If the state quantity comparison value is equal to or greater than the threshold value, the control parameter adjusting unit 33 changes the values of the control parameters of the motor control unit 11 and the control model unit 21 in conjunction with each other, and the state quantity comparison value becomes a threshold. Until the value falls within the value, the control parameter value is changed from the operation by the same command. If the state quantity comparison value is within the threshold value, it is determined that the control parameters of the actual machine and the simulation have become approximate values, and the adjustment operation is terminated. Here, the method of changing the control parameter value uses a method of determining the correction direction based on the sign of the state quantity comparison value, and determining the correction amount based on the magnitude of the state quantity comparison value with respect to the threshold.
[0013]
Whether to perform the adjustment operation during the normal operation or to interrupt the normal operation and execute the special adjustment operation can be selected by the operator via the control device. Further, during the normal operation, the state quantity comparison value is successively monitored in the evaluation quantity calculation unit 32, and if the state quantity comparison value becomes large, it is determined whether or not adjustment is necessary or unnecessary. The operation may be executed.
[0014]
Hereinafter, a first specific example of the present invention will be described with reference to FIG.
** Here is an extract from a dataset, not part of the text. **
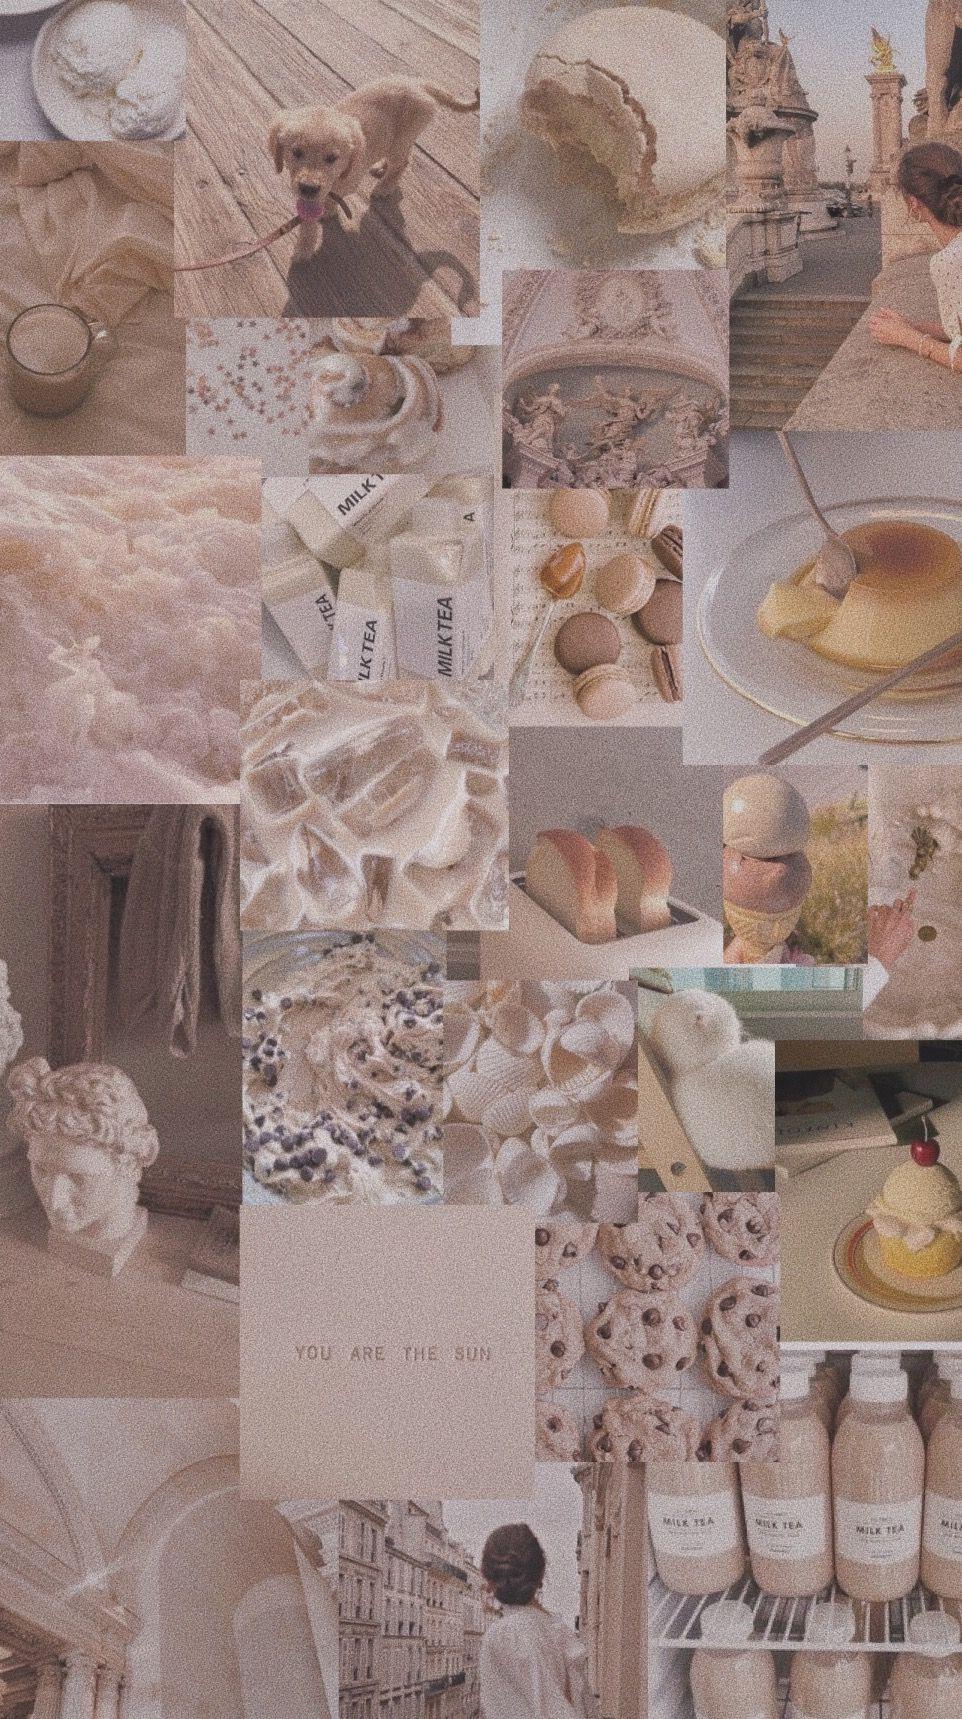 Cream Aesthetic Wallpaper Aesthetic Wallpapers Aesthetic Pastel Wallpaper Cream Aesthetic

The motor control unit 11 includes a position / speed control loop 111 and an amplifier 112. The motor control unit 11 inputs a position (angle) command for normal work and outputs a torque command to the amplifier 112, thereby The mechanism 13 is driven. The position / velocity control loop 111 uses, for example, the position proportional / velocity proportional integral control shown in FIG. Similarly, the control model unit 21 also includes a position / speed control loop model 211 and an amplifier model 212. By inputting a position (angle) command during normal operation and outputting a torque command to the amplifier model 212. , And a model structure for driving the mechanism model unit 22.
[0015]
Further, when gravity acts on the mechanical unit assumed in the basic configuration, when the friction of the speed reducer is large, or when the demand for adjustment accuracy is high, to eliminate the difference between the actual machine unit and the simulation unit, gravity and friction are required. Can be compensated. The motor control unit 11 has a built-in external force compensating unit 15 for gravity, static friction and dynamic friction of the mechanism unit 12, and calculates gravity torque and friction torque according to position feedback (hereinafter referred to as FB) to obtain torque. By adding to the command, the effect of external force is compensated. Alternatively, the control model unit 21 incorporates the gravity model of the motor model 23 and the external force compensating unit model 25 of the static friction and dynamic friction models, and calculates the gravitational torque and the friction torque according to the command, and adds them to the torque command. By doing so, the effect of external force may be simulated. Whether to enable the external force compensating unit 15 or the external force compensating unit model 25 is selected as necessary.
Similarly, when the control target is a robot having a plurality of links, a posture change occurs due to a normal operation command, so that the load inertia of each axis fluctuates in real time. Therefore, by having a model of the mechanism in advance, solving the dynamics calculation in real time, and obtaining the load inertia for each posture, the influence of the posture change is compensated when adjusting the control parameters.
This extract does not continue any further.